Oportuno esclarecer que o fato da parte contratar advogado particular (abrindo mão da Assistência Judiciária Gratuita – defensor público ou advogado nomeado pelo Estado), não afasta seu direito à concessão da Justiça Gratuita, que é a isenção de custas processuais, entre outros, desde que comprovada a situação de hipossuficiência.
Podemos perceber grandes avanços da Justiça, com o fim de viabilizar, simplificar e expandir cada vez mais o acesso ao provimento jurisdicional. Porém, é necessário que tal acesso seja feito de forma consciente pela sociedade como um todo.
O Poder Judiciário está em crise pela morosidade no andamento dos processos, e isso ocorre em todas as ramificações do Poder Judiciário, sem exceção. Sobre esse assunto, aprofundaremos mais adiante, porém uma das causas da lentidão do Judiciário é o número demasiado e crescente de processos.
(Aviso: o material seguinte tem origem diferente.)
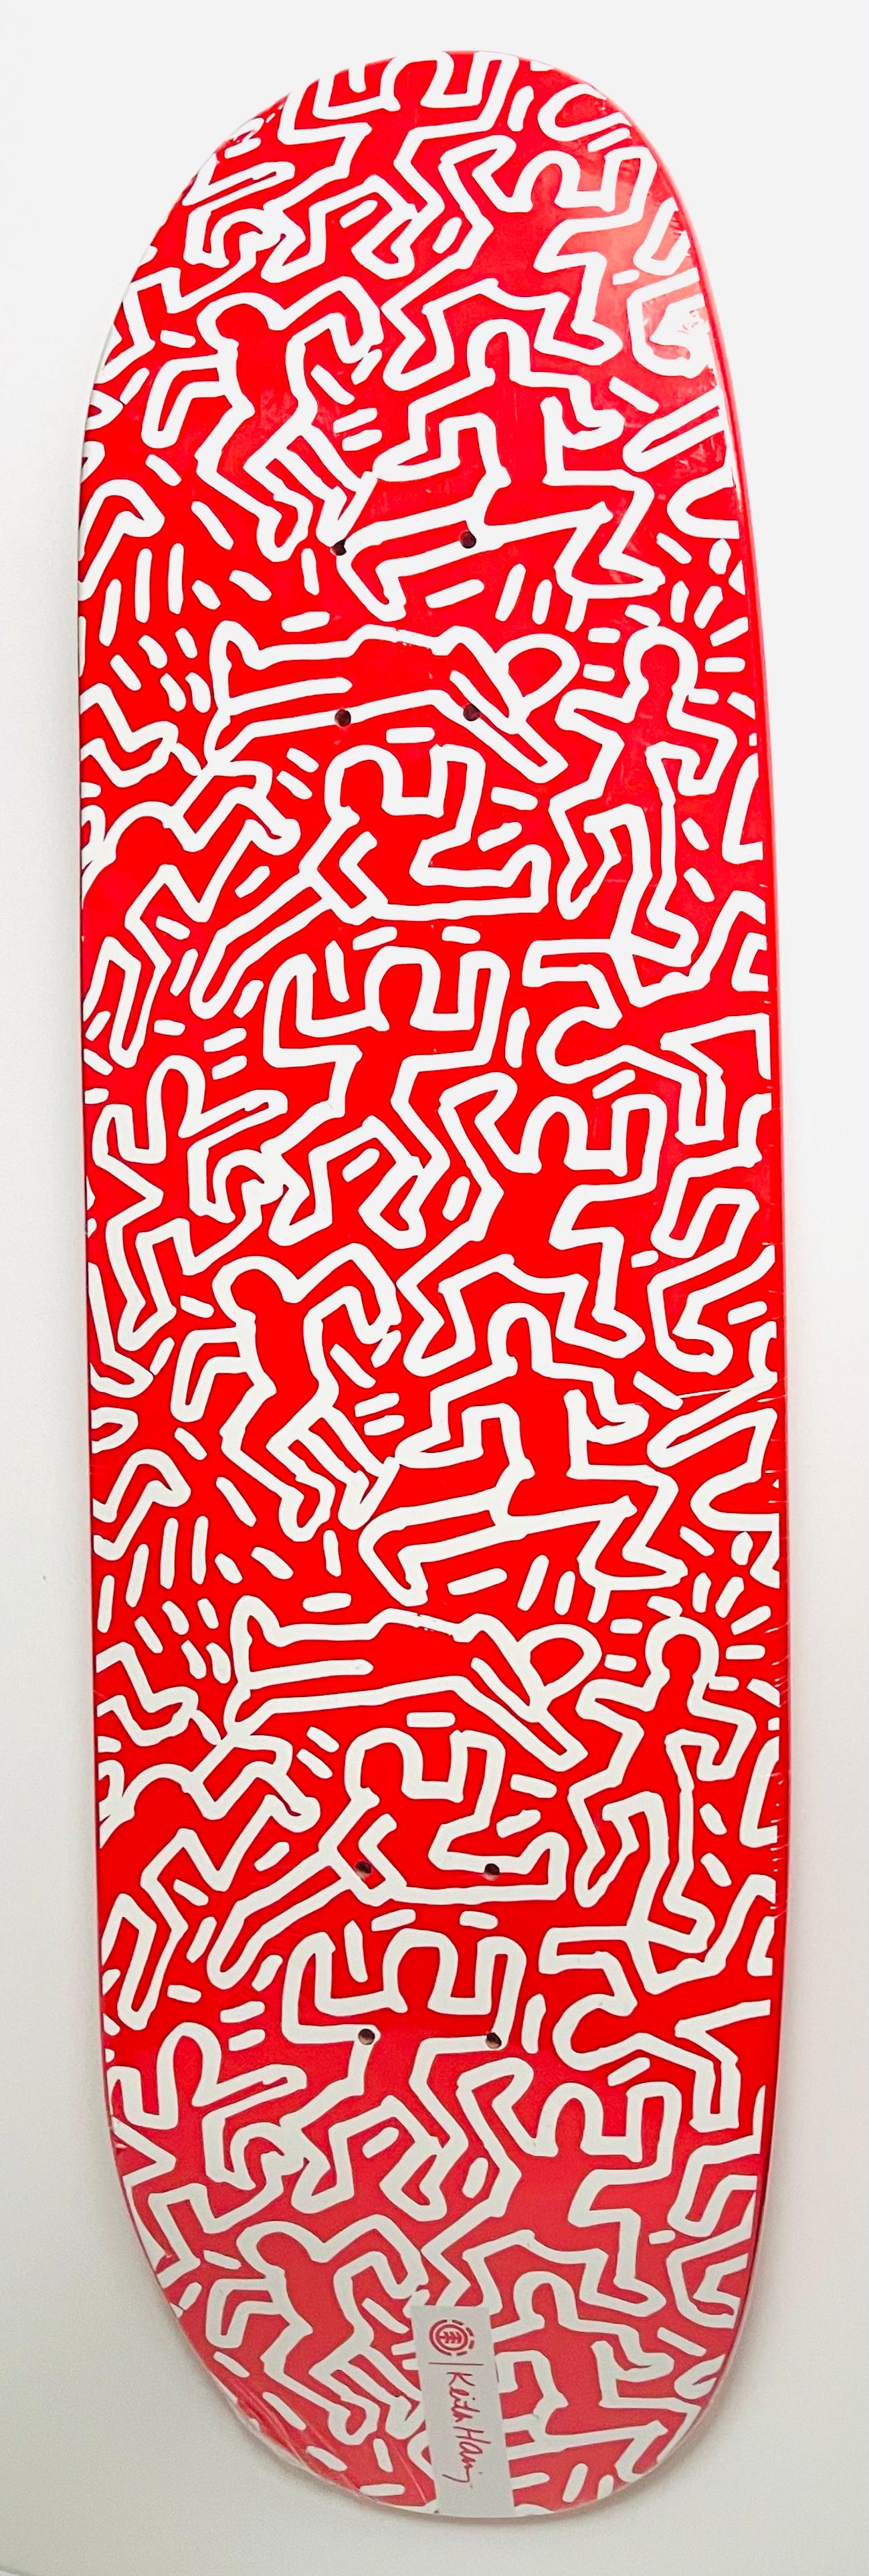 Keith Haring Skateboard Deck (Keith Haring three eyed face) - Pop Art Print by (after) Keith Haring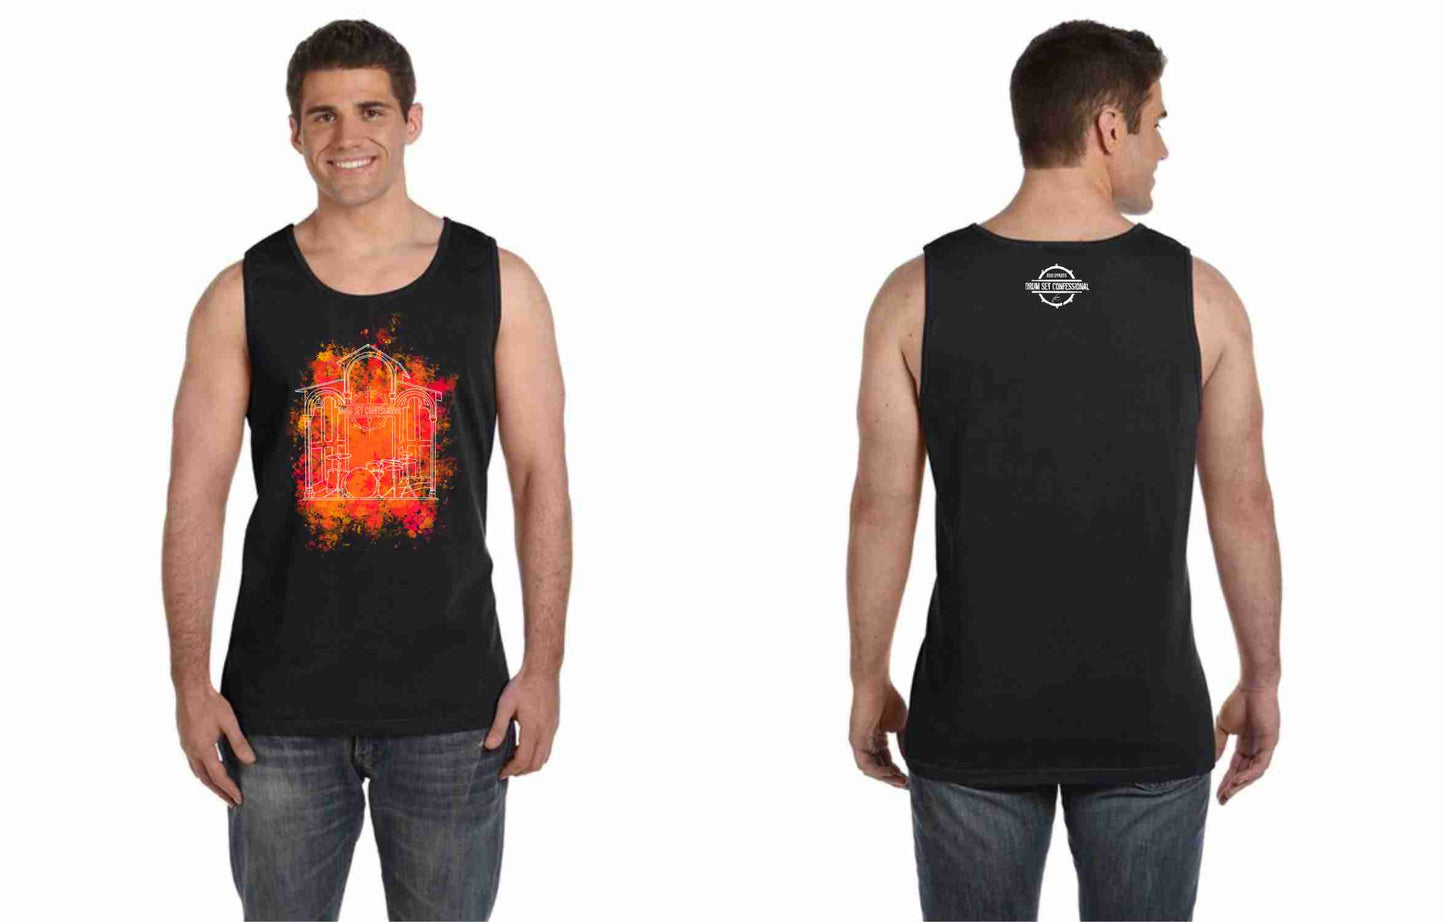 DSC "Confessional" Comfort Colors Adult Heavyweight Tank (100% of profits fuel outreach and donations to addiction/recovery causes.)

Isso ocorre pela falta de consciência da sociedade brasileira que tem um espírito litigante, em detrimento das prerrogativas de composição amigável. O brasileiro demanda no Judiciário, antes de tentar resolver o conflito de forma amistosa, em outras palavras, litigar, processar junto ao Poder Judiciário é a regra, e se compor, amigavelmente, sem a intervenção do Judiciário é a exceção.
Em razão disso, o acesso à justiça deve ser feito de forma consciente. A tentativa de composição amigável entre as partes (regra), deve sempre preceder ao litígio (exceção).
O acesso à justiça é a garantia constitucional de que toda pessoa que tiver seu direito ameaçado ou lesado poderá propor ação ou defesa junto ao Poder Judiciário, a fim de obter a devida prestação jurisdicional e a satisfação do direito perseguido.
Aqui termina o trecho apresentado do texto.